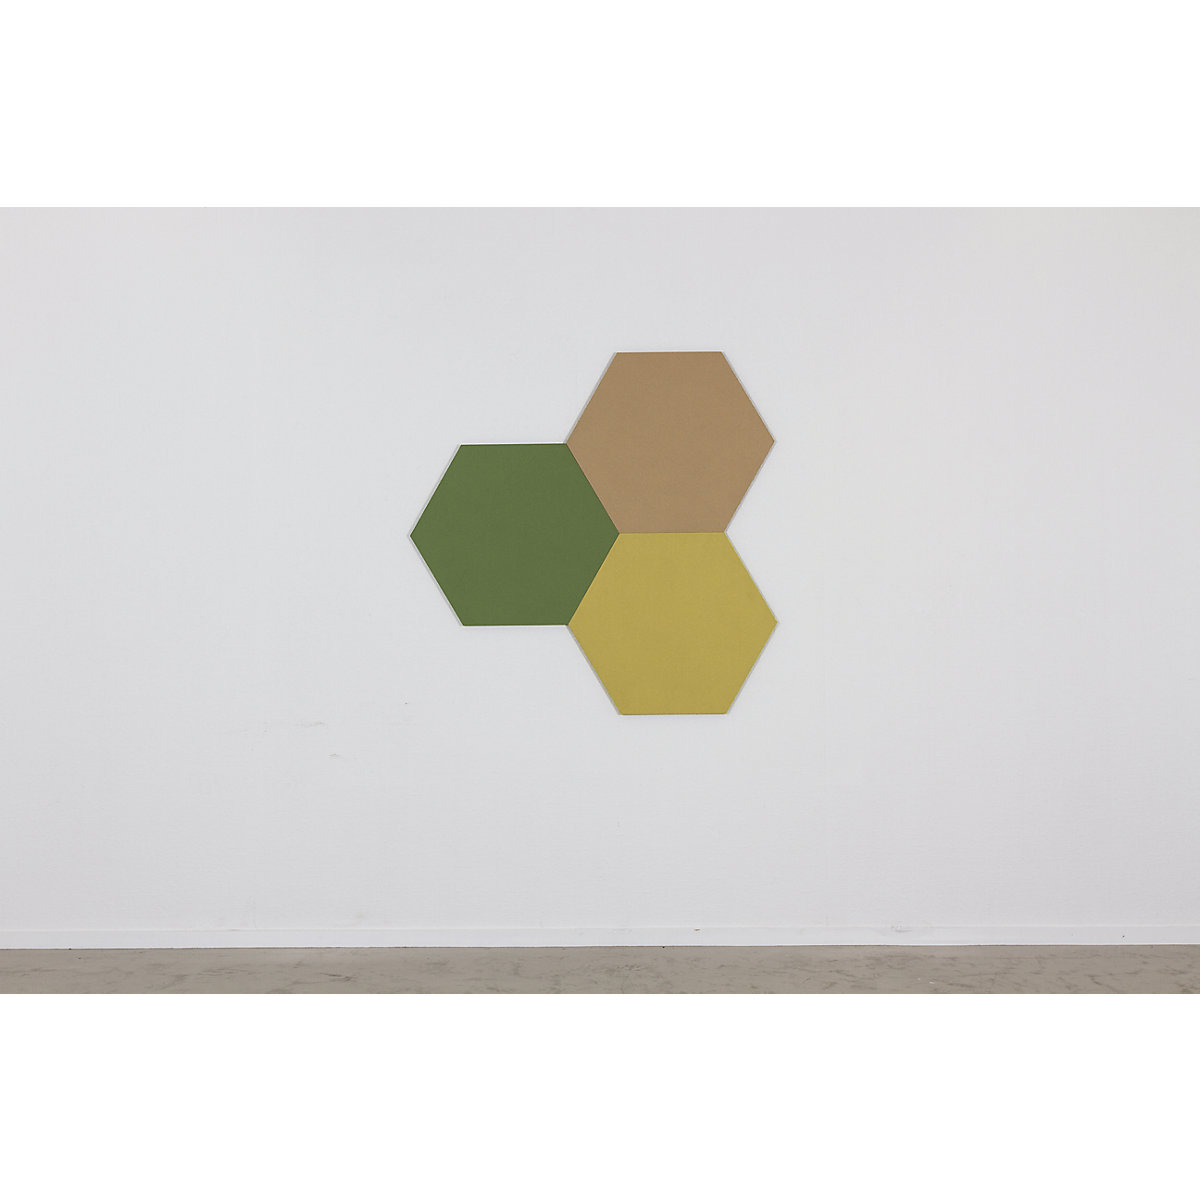 Tableau à épingles design hexagonal – Chameleon: liège
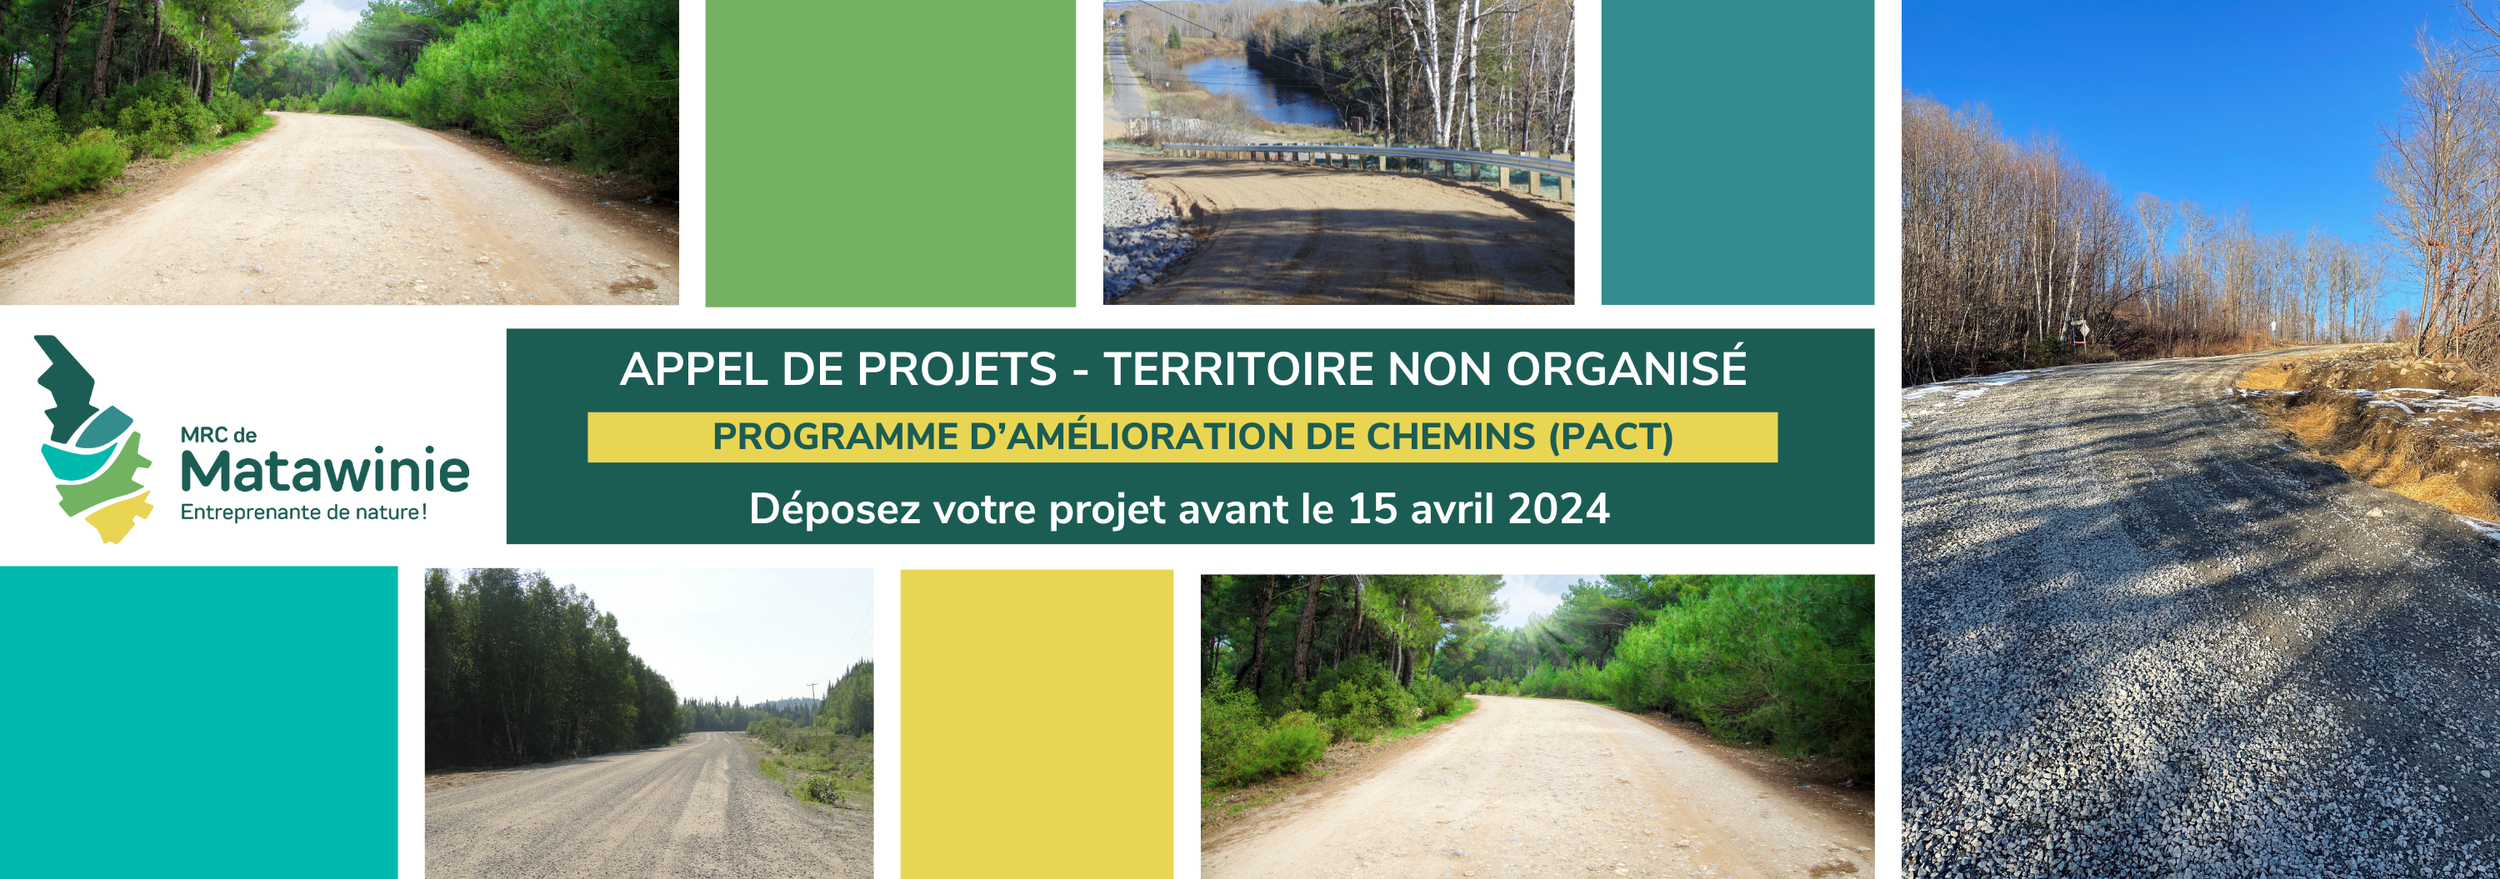 Appel de projets PACT 2024_Bannière.png
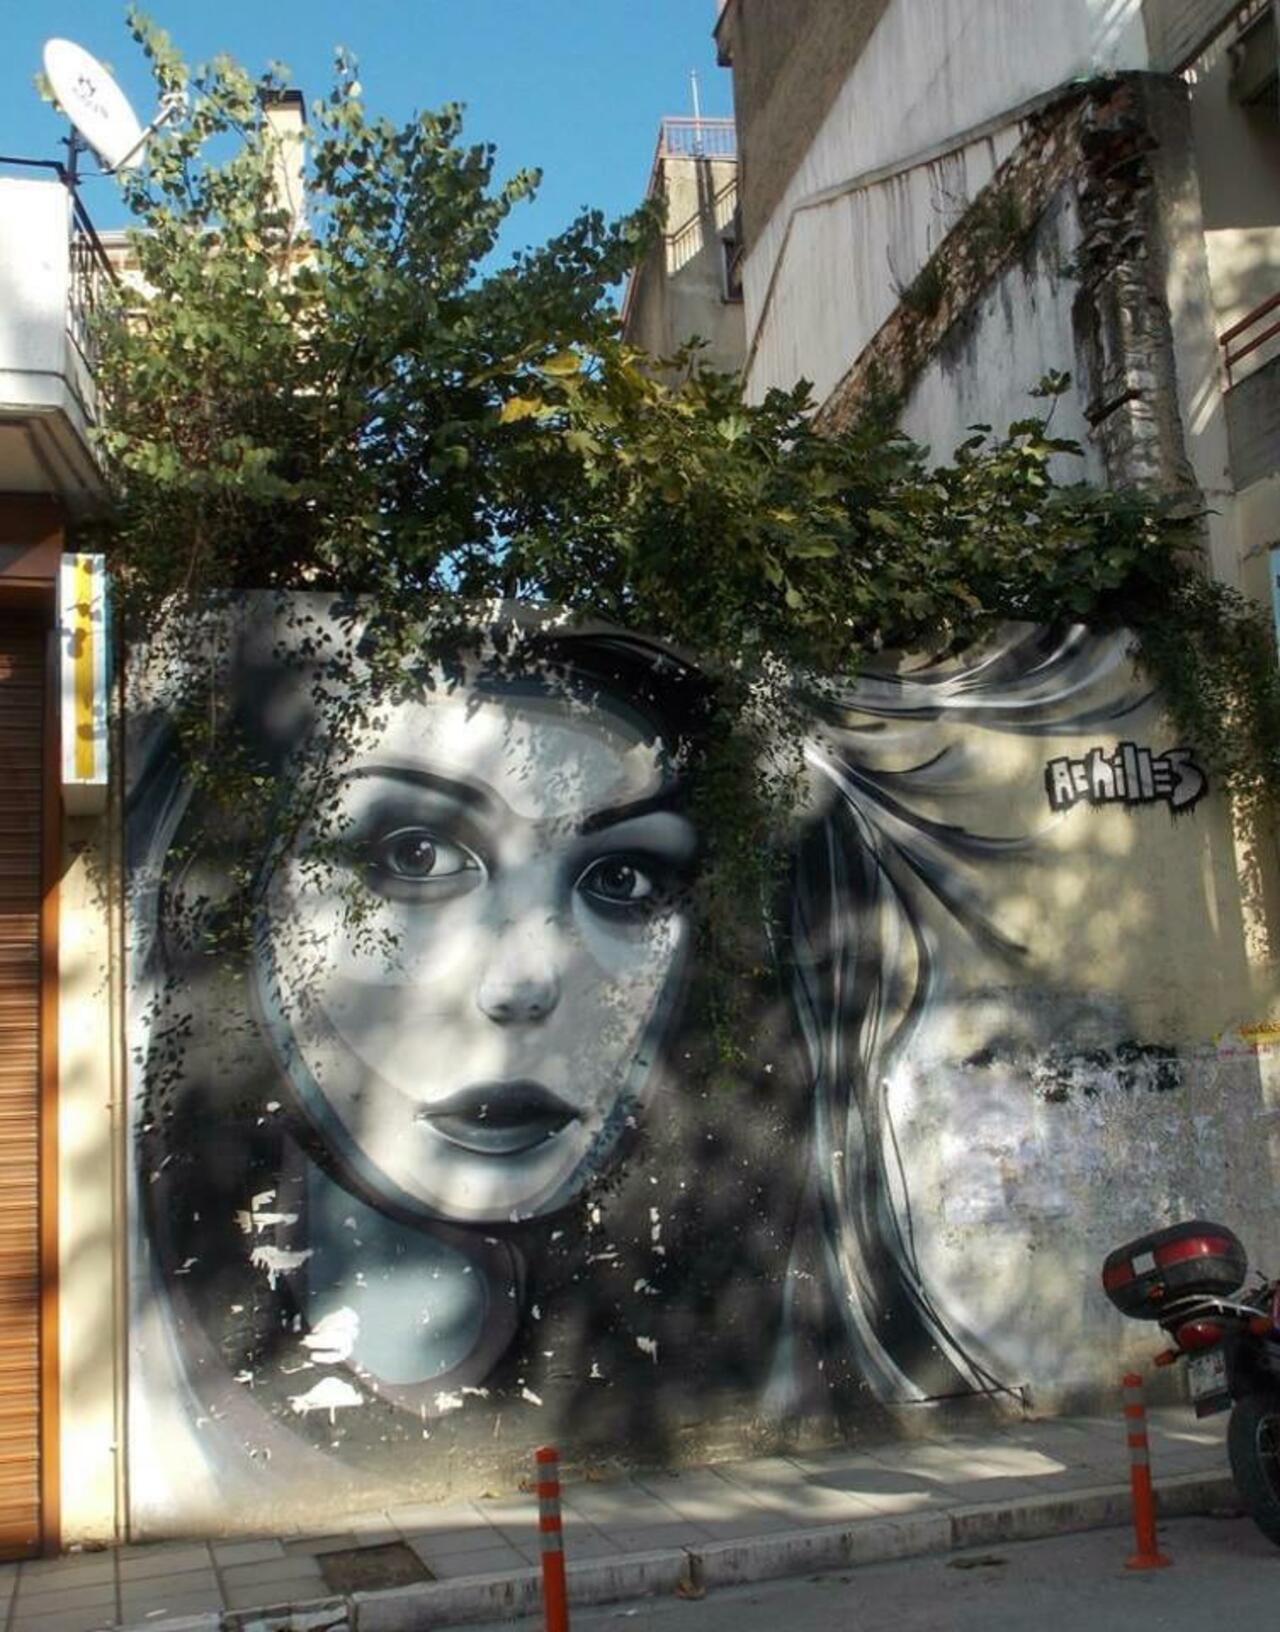 When Street Art meets nature by the artist Achilles 

#art #arte #graffiti #streetart http://t.co/2DcTOOmY7s

### YOUR GOAL
All of the lines above should be copied exactly, apart from the pictures.

### EXERCISE ANSWER
 Tableau à épingles design hexagonal – Chameleon: liège
 Appel de projets PACT 2024_Bannière.png
 When Street Art meets nature by the artist Achilles 

#art #arte #graffiti #streetart http://t.co/2DcTOOmY7s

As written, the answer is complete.